This clinical trial is focused on studying a condition known as G mutation, which leads to a disease called . This disease affects the muscles and can cause weakness and fatigue. The study will use a treatment involving , which are special cells derived from a patient’s own muscle tissue. These cells are prepared as a and are also known by the code name .

The purpose of the study is to assess the effect and safety of administering these cells directly into the arteries of the upper arm in patients with the G mutation. The study will involve three administrations of the treatment to the left arm. Researchers will evaluate the strength and fatigue of the muscles in both arms before and after the treatment. They will also monitor for any serious side effects, blockages in blood vessels, and changes in neurological signs, which are indicators of the nervous system’s health.
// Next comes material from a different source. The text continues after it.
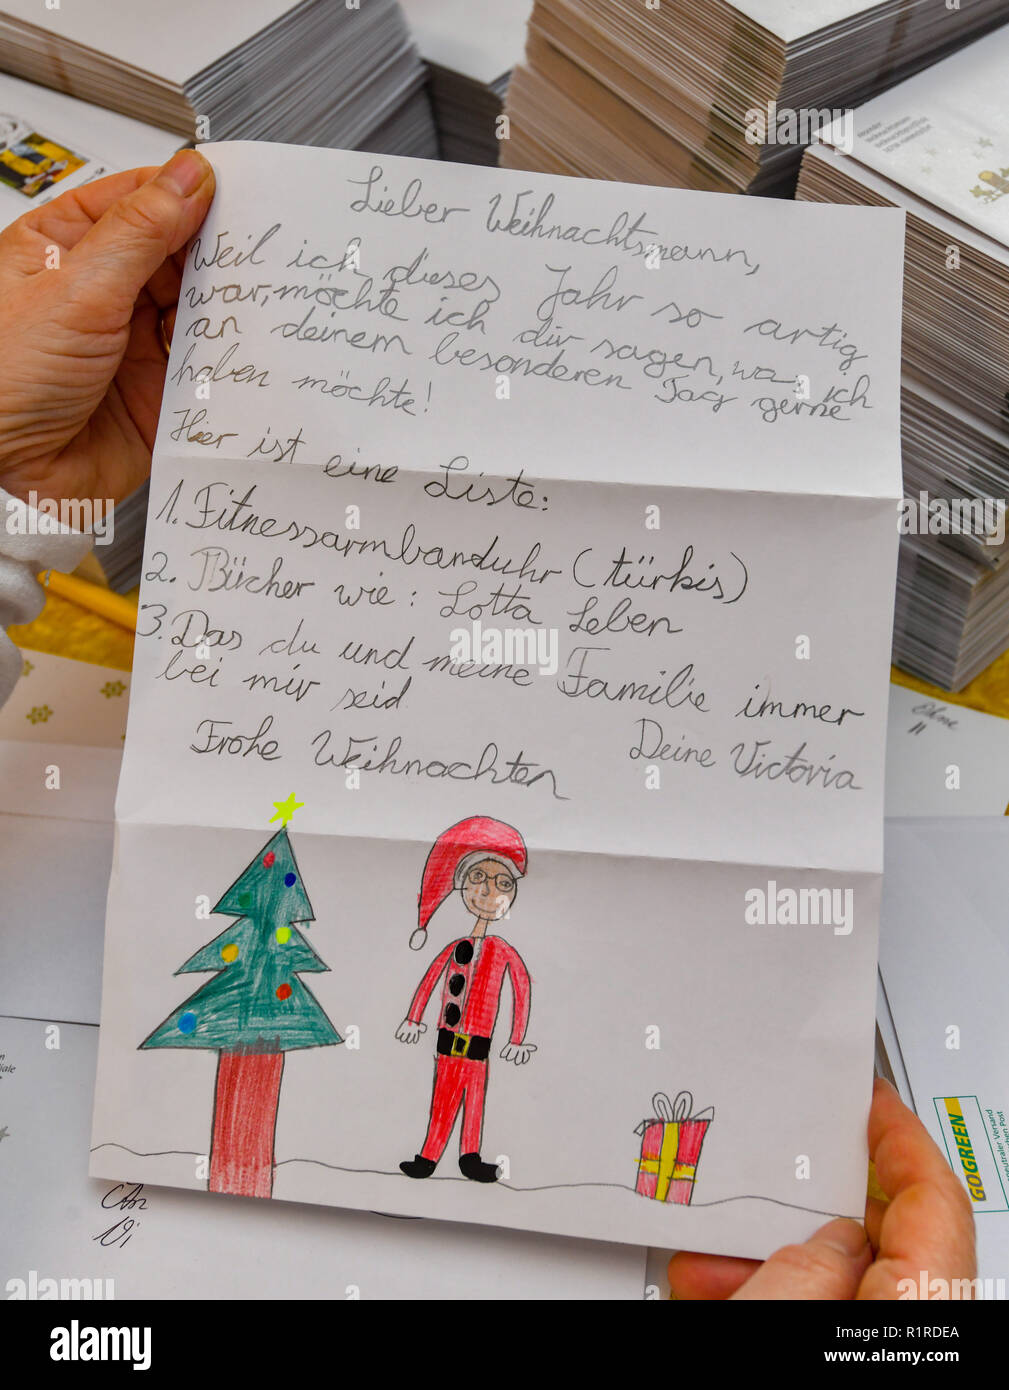 Himmelpfort, Germany  14th Nov, 2018  A Deutsche Post

Throughout the study, participants will have their muscle strength and fatigue measured using a special device. Additionally, muscle samples will be taken to examine muscle mass, structure, the load of the G mutation, and the ability of the muscles to use oxygen. The study is expected to continue until June 2026, with recruitment starting in November 2023.

1 joining the study

Upon joining the study, eligibility is confirmed based on criteria such as age (18-64 years), gender (male or female), and presence of the m.3243A>G mutation.
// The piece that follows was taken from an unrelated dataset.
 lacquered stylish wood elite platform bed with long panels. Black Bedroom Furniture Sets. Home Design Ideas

Written informed consent is required to participate.

2 initial assessment

An initial assessment is conducted to evaluate muscle strength and fatigue in both arms using a device called a Biodex dynamometer.
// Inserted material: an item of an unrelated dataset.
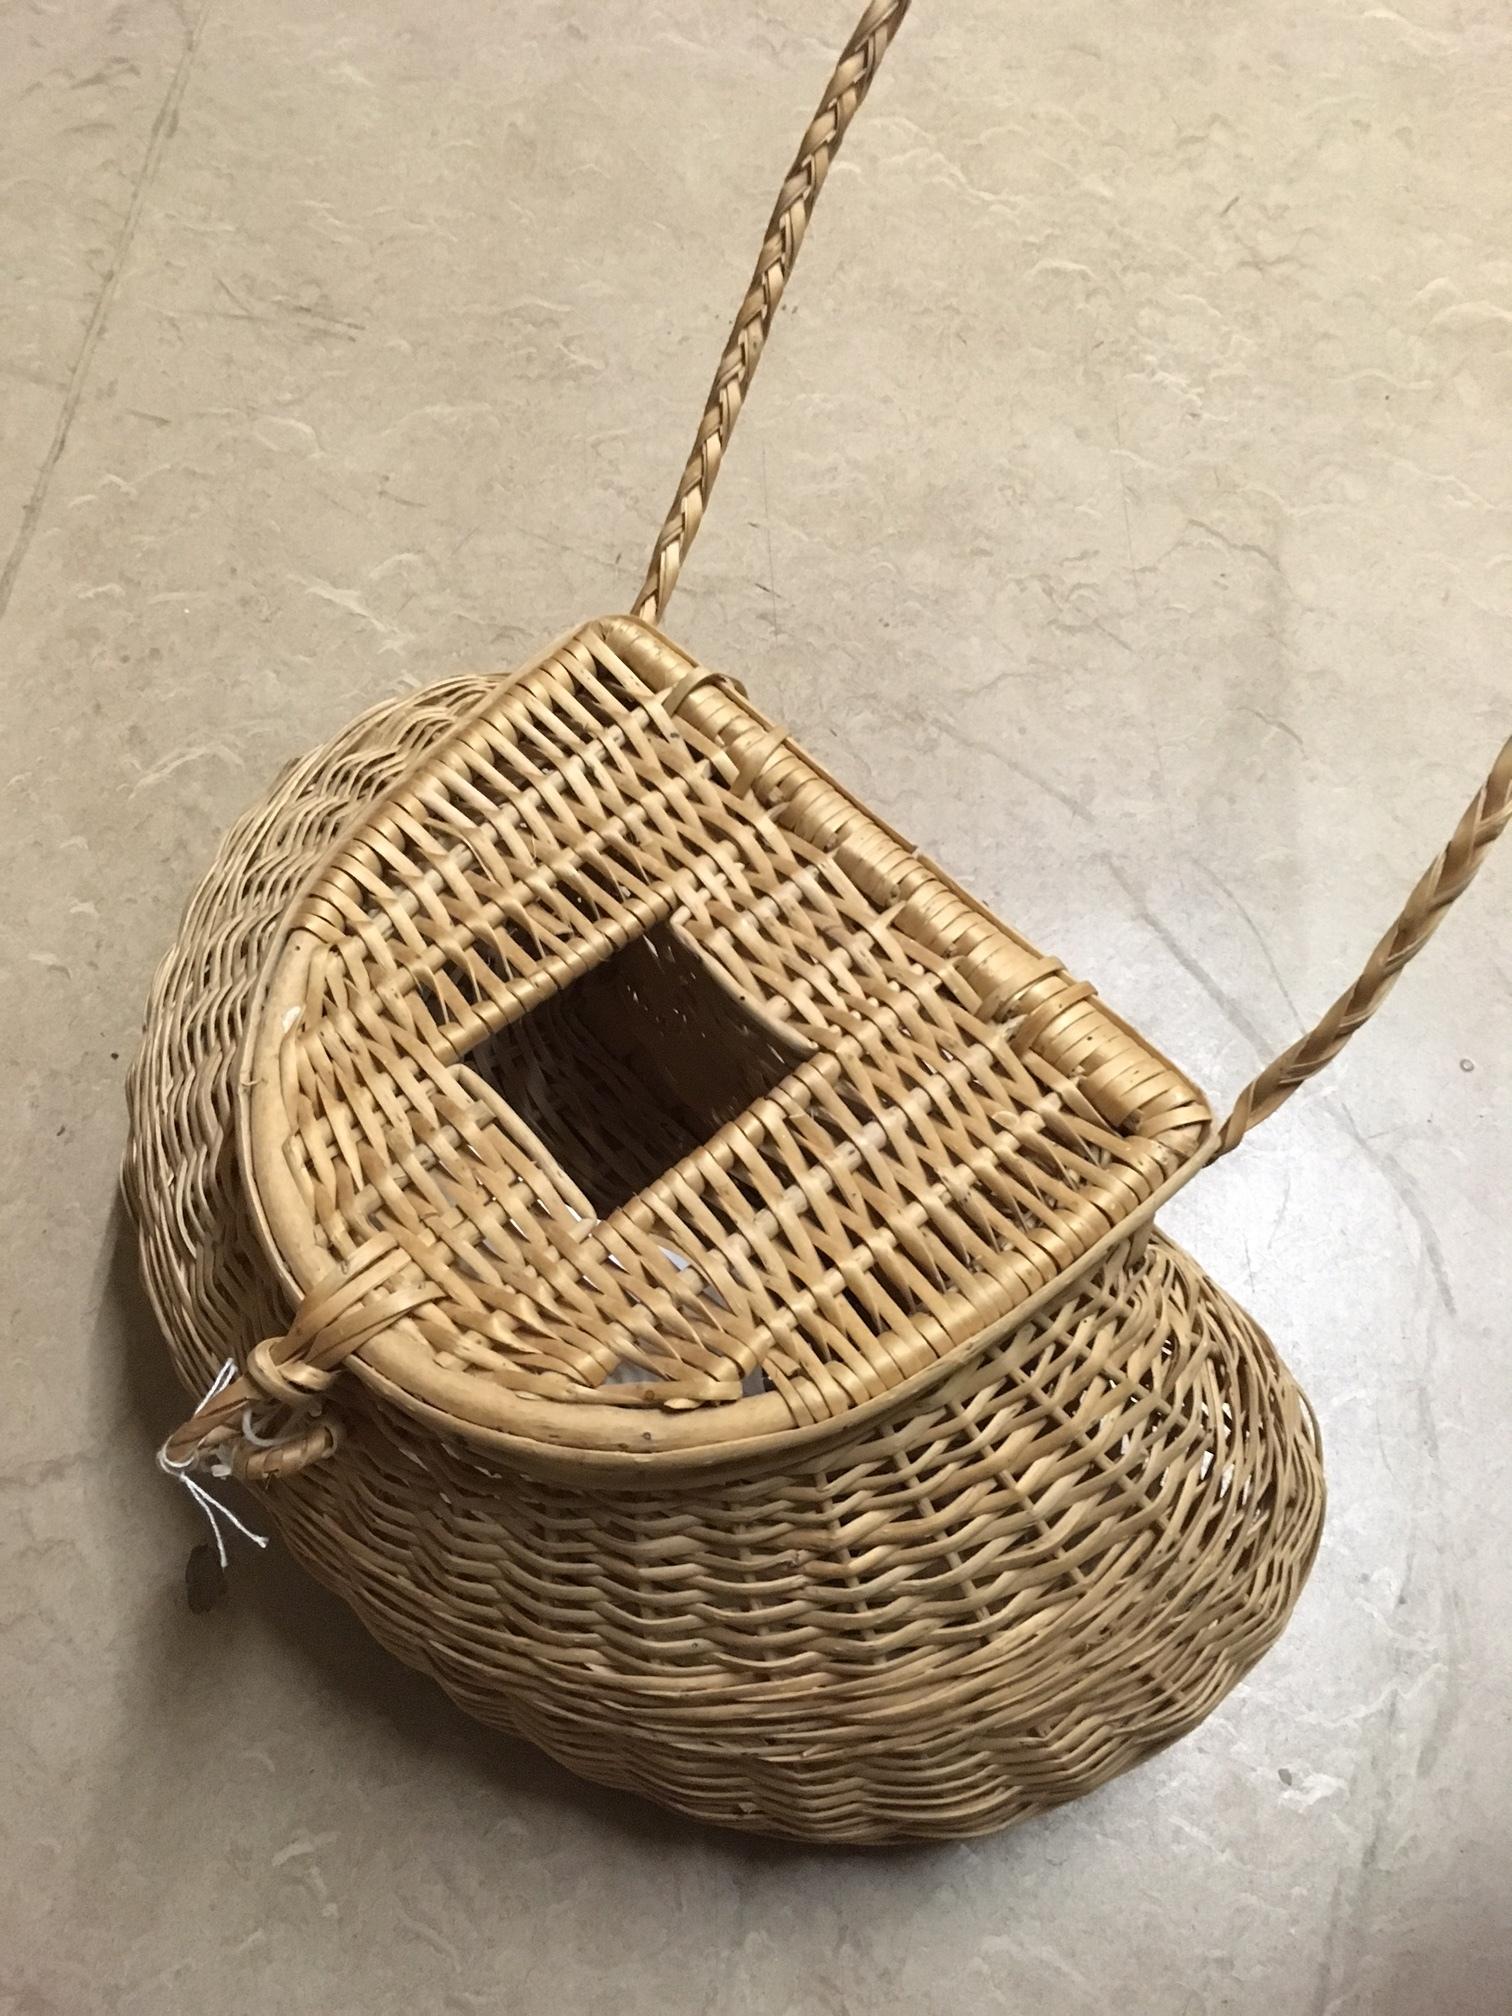 A fisherman's (mushroom) basket: Its curved shape hugs the hips for comfort.

Baseline measurements are taken before any treatment is administered.

3 first administration

The first administration of autologous mesoangioblasts is performed via intra-arterial injection into the left upper arm.

This involves a cell suspension specifically prepared for injection.

4 monitoring after first administration

After the first administration, monitoring is conducted for 8 hours to check neurological vital signs and ensure no serious adverse events (SAEs) occur.

Angiography may be used to assess vascular conditions.

5 second administration

A second administration of the cell suspension is performed in the same manner as the first, targeting the left upper arm.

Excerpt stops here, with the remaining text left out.